You can run it locally on any VCF as a CLI tool.
Code
⚠️ The code does not follow DRY principles very well- it could use a run through by an optimizer (probably have to be me). It could also use tighter data structures.
Anyways, here is the main annotation engine (vcf_copilot/annotators/engine.py). The annotation adds additional details to the raw genetic coordinates turning it into clinically actionable information that doctors + AI can use for diagnosis and treatment decisions.
What the UI looks like to display results.
Tech Stack
- Python backend + future Rust parser (via
rust-htslib
) cyvcf2
,requests
,jinja2
templating- REST APIs (gnomAD, ClinVar, Ensembl — in progress)
- Terminal interface with
typer
andrich
Performance Improvements
There are a lot of improvements, especially with regard to threading.
Layer | Parallelism |
Variant annotation | Per-variant (thread, process, async) |
Region calling (BAM) | Scatter across genome |
API calls | Batch/async, stream |
Reporting | Independent |
Core file I/O (VCF parsing) | ⚠️ Bounded by disk IO/thread-safe lib (also on a Mac) |
Conclusion
It’s just a project in its current state. I would almost go as far as saying it’s a work in progress. But there is a lot that can be expanded upon to turn it into an engine:
- Full API wiring (gnomAD, ClinVar, Ensembl)

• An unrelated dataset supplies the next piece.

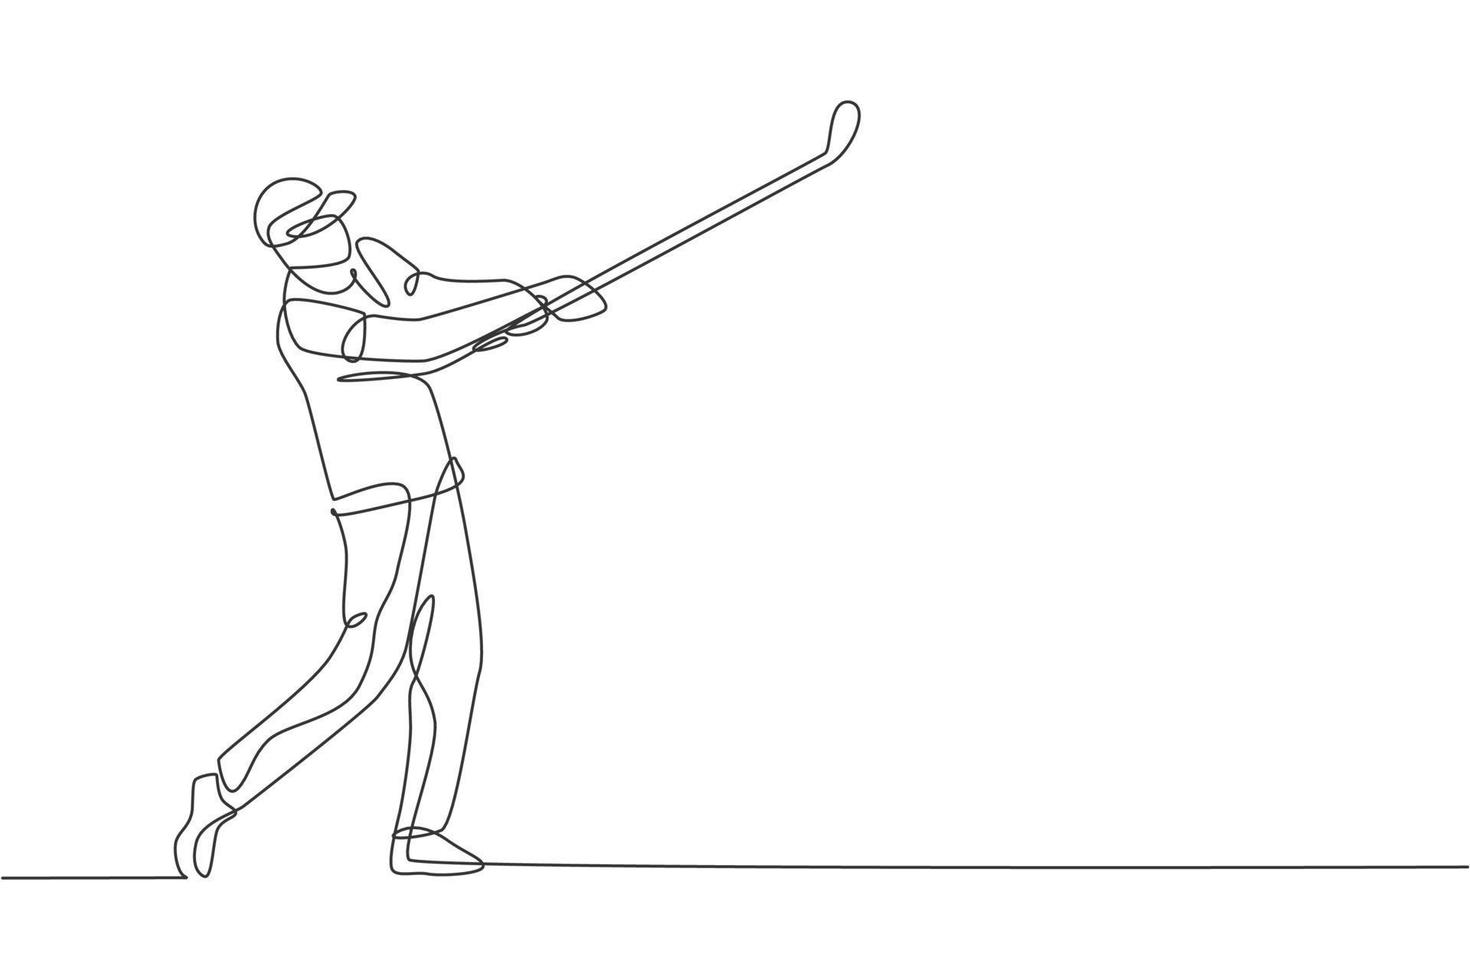 un disegno a linea singola di un giovane giocatore di golf sportivo ha colpito la palla utilizzando l'illustrazione grafica vettoriale della mazza da golf. concetto di sport sano. moderno disegno a linea continua per poster di tornei di golf

- Parallel VCF parsing in Rust
- NLP summary of gene-disease relationships
- Plugin support for CNVs, pharmacogenomics, mitochondrial calls
Eventually: a Nextflow-based clinical interpretation engine usable by small labs, researchers, and startup diagnostics companies.
I’m pretty irritated by this project. I’ll probably return to this eventually, but there are so many options for variant calling, and I really think the industry could benefit from one massively vertically integrated neural network.